*Task prompt*.
Strip out all images, then restate the data verbatim.

*Dataset section*.
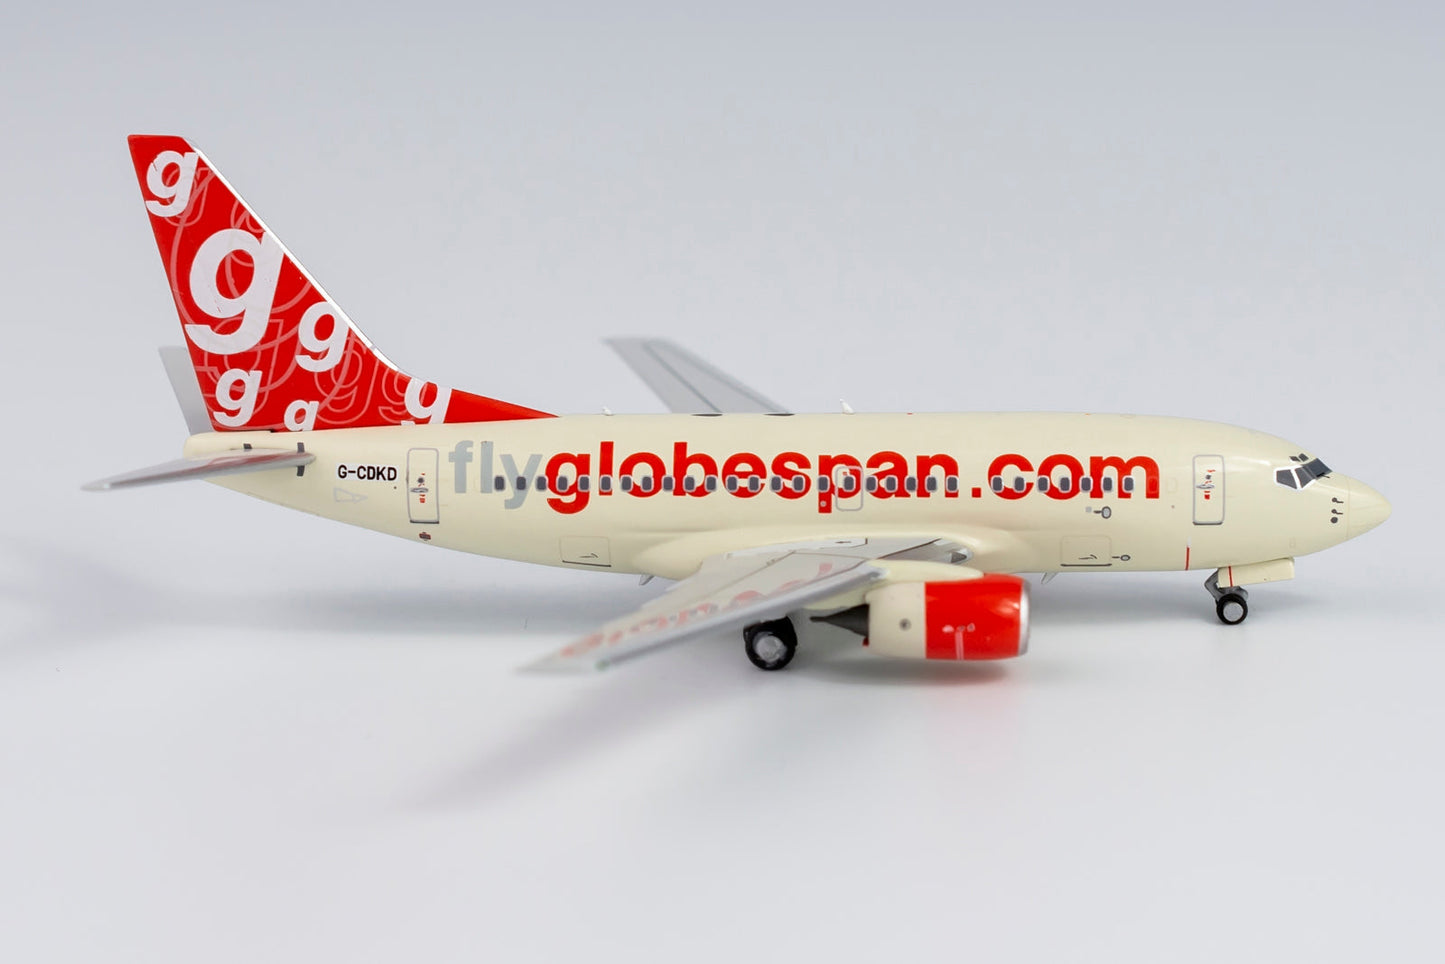 *1/400 Flyglobespan B 737-600 "Scandinavian - SAS Hybrid Livery" NG Models 76001
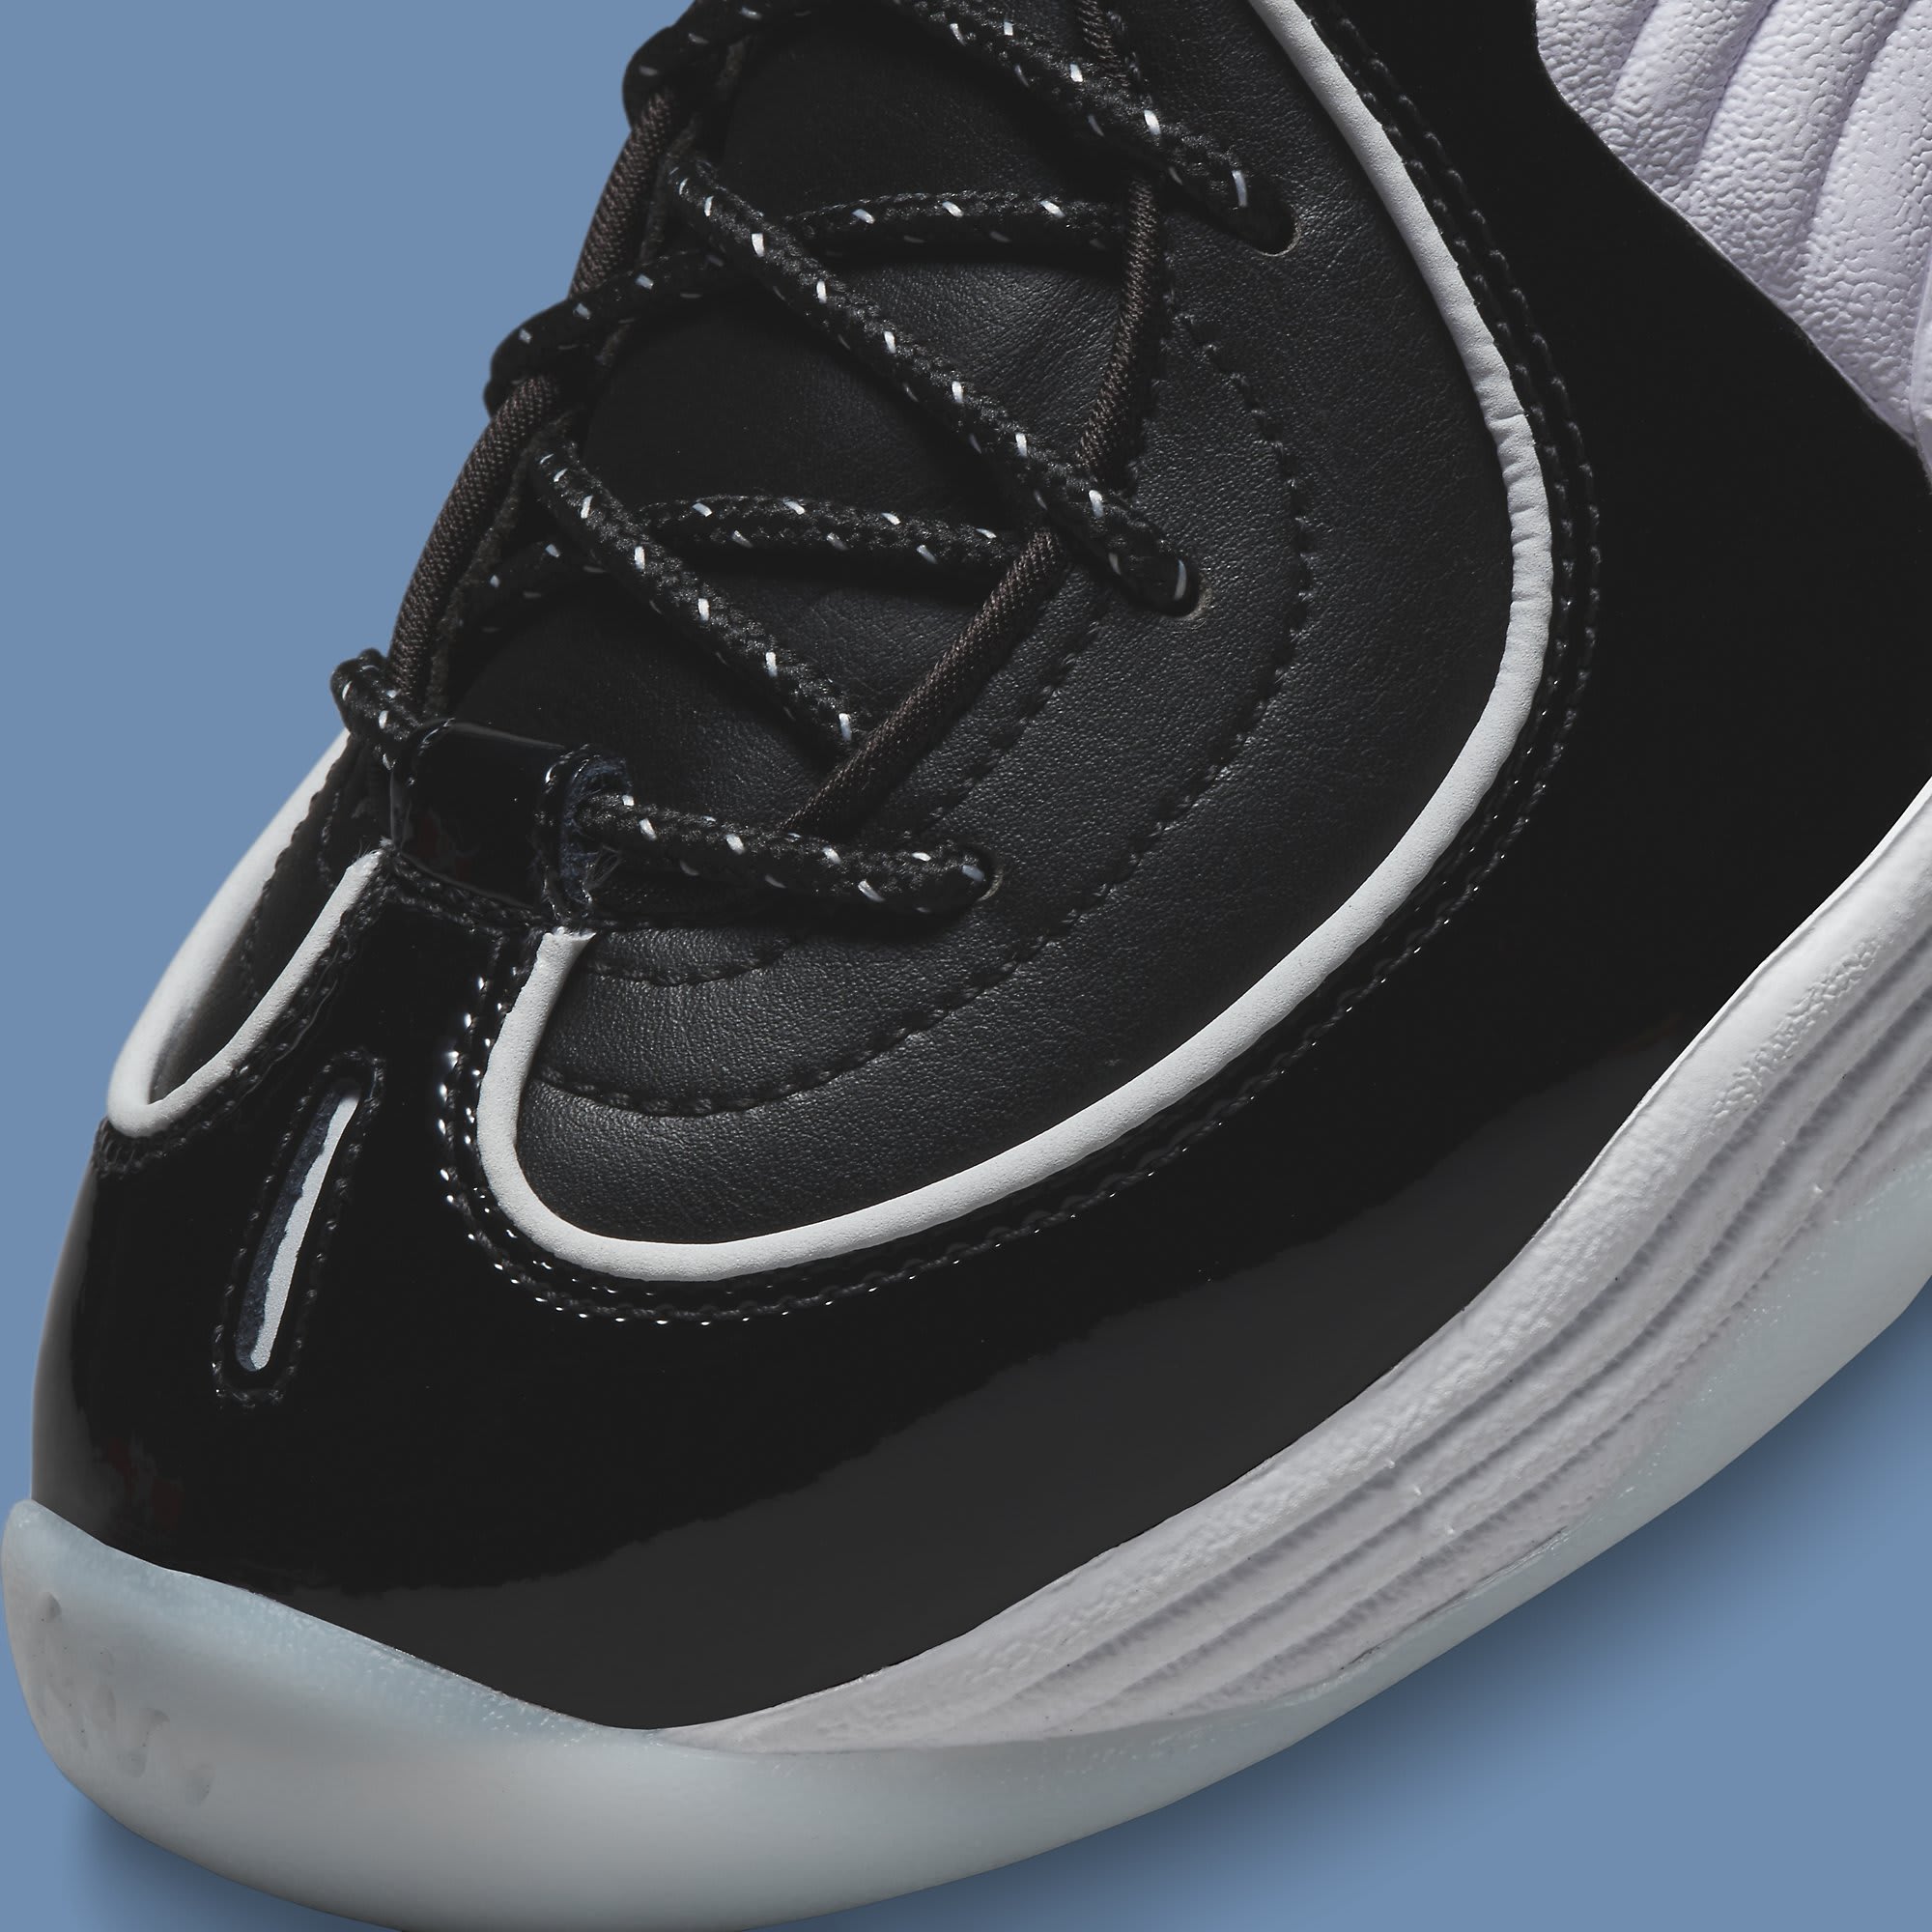 Nike Air Penny 2 II Football Grey DV0817-001 Toe Detail
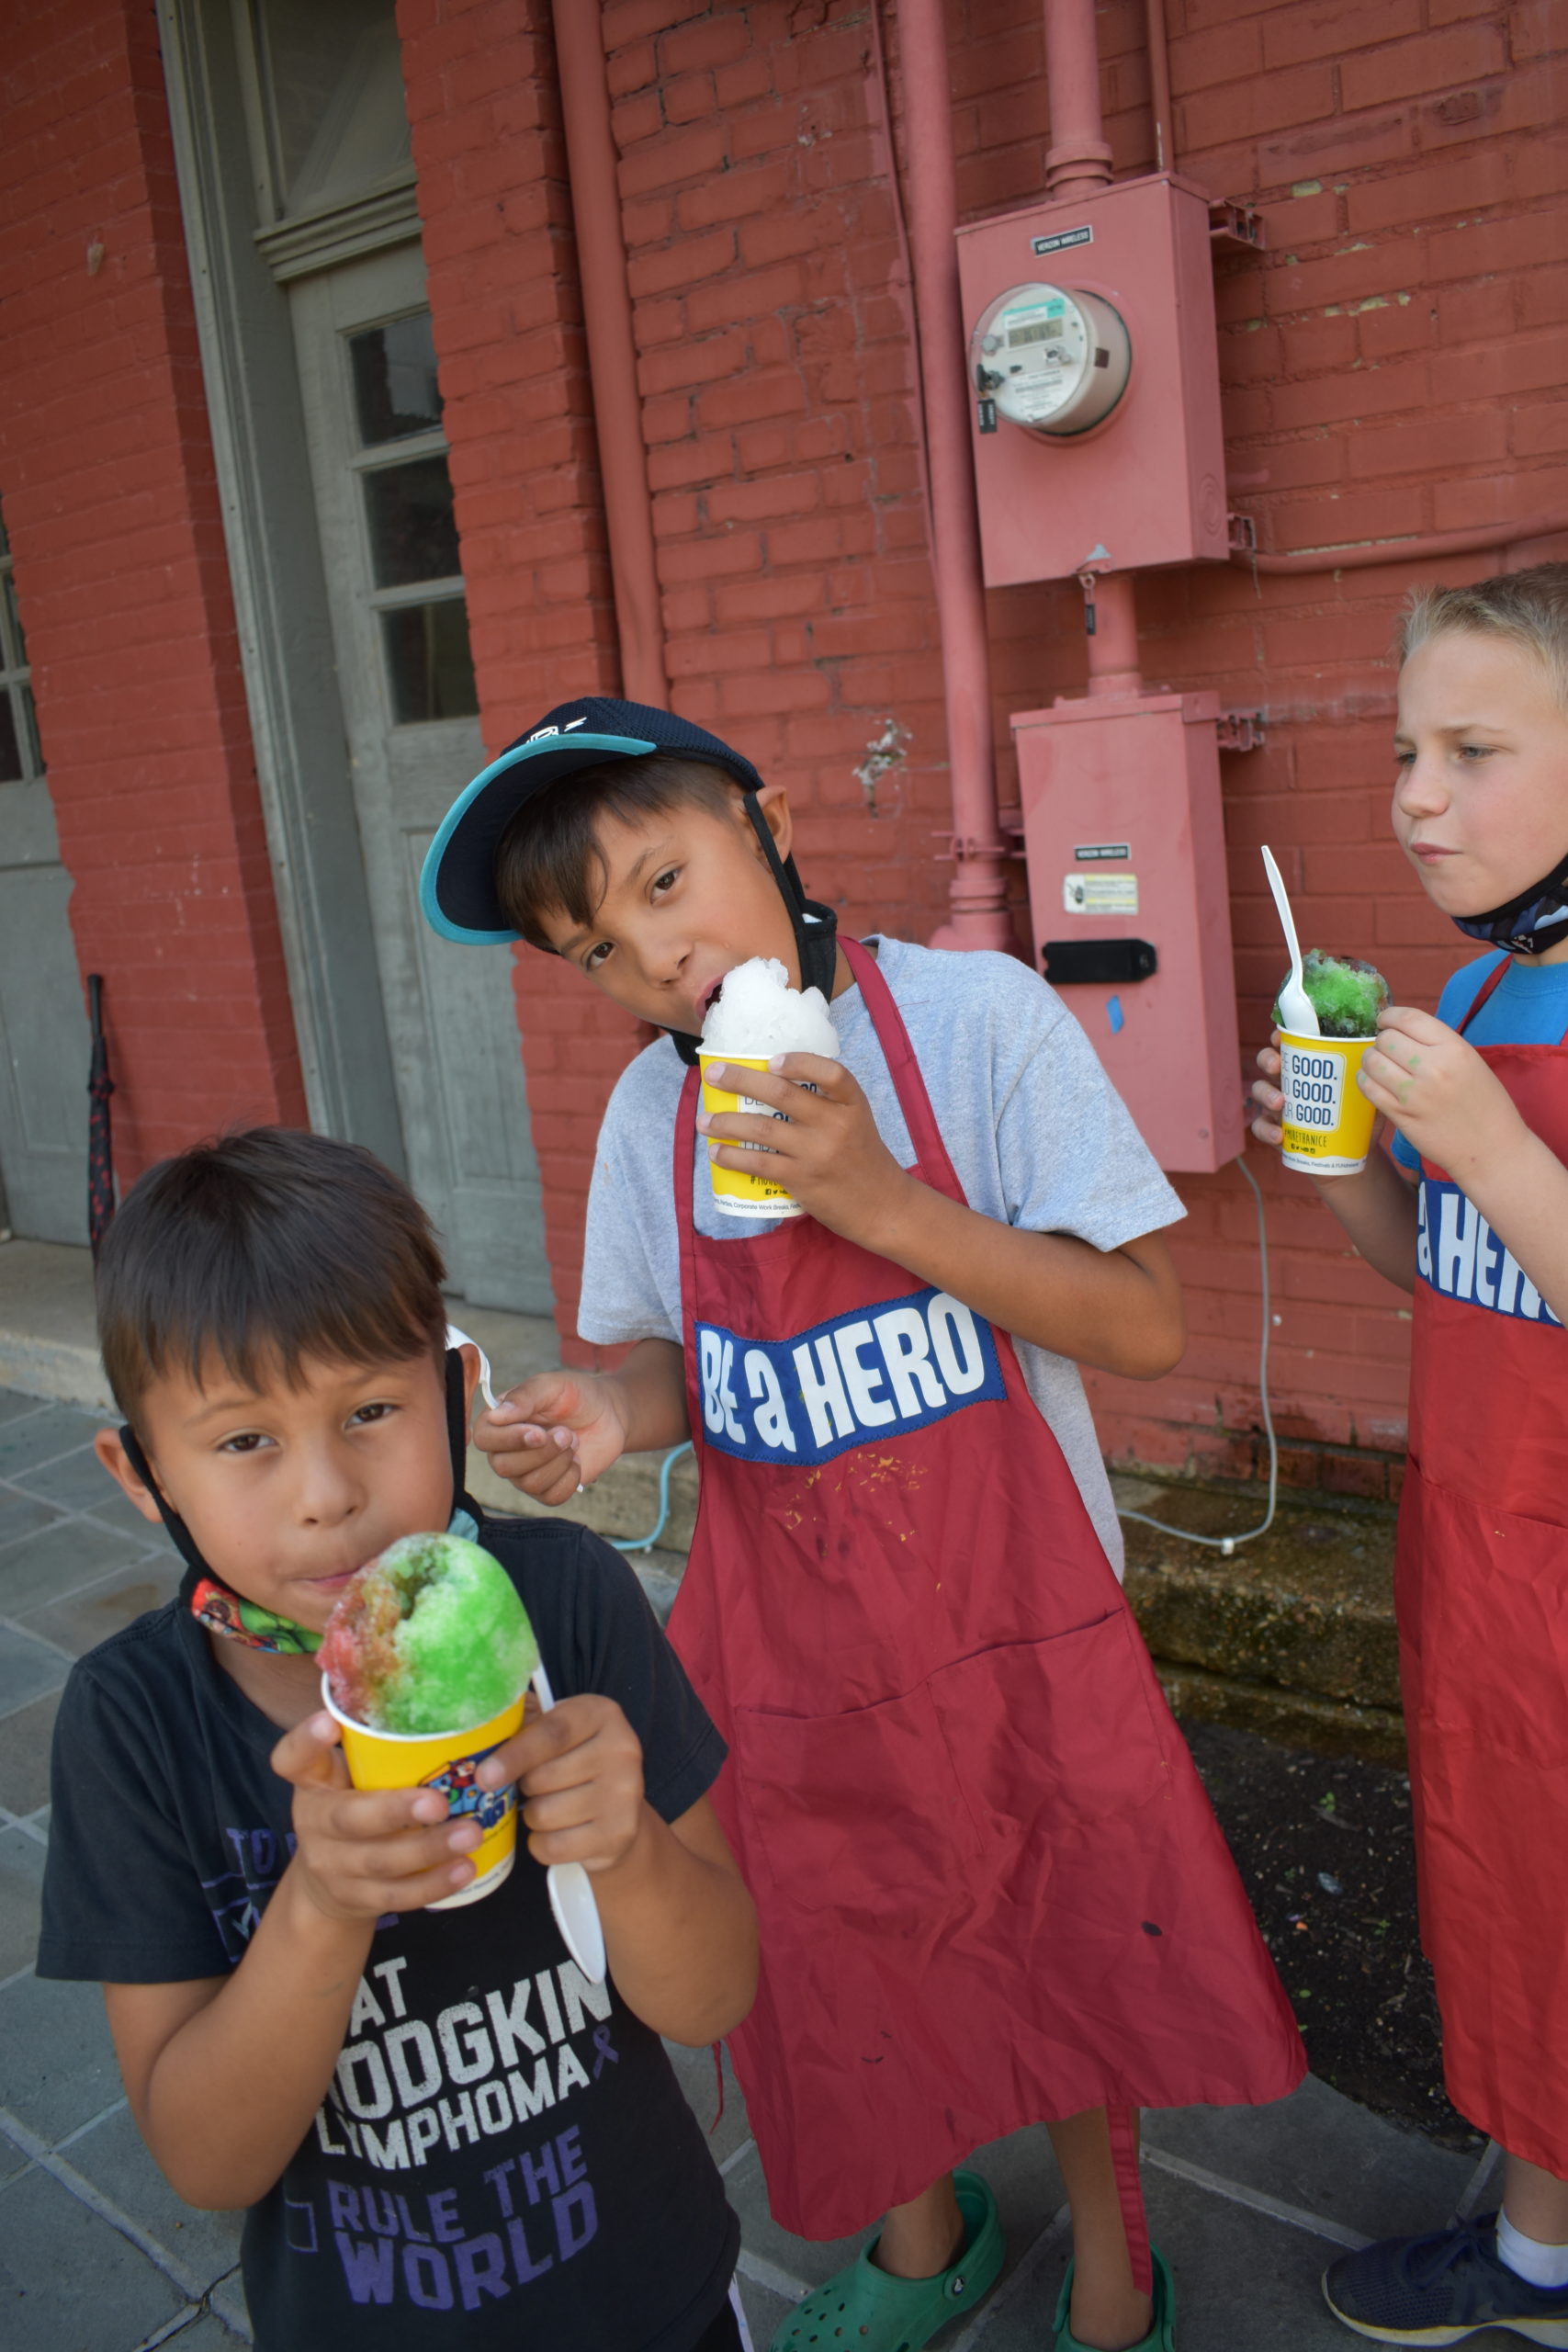 Image three boys eating ice cream

*Exercise result*.
 *1/400 Flyglobespan B 737-600 "Scandinavian - SAS Hybrid Livery" NG Models 76001
 Nike Air Penny 2 II Football Grey DV0817-001 Toe Detail
 Image three boys eating ice cream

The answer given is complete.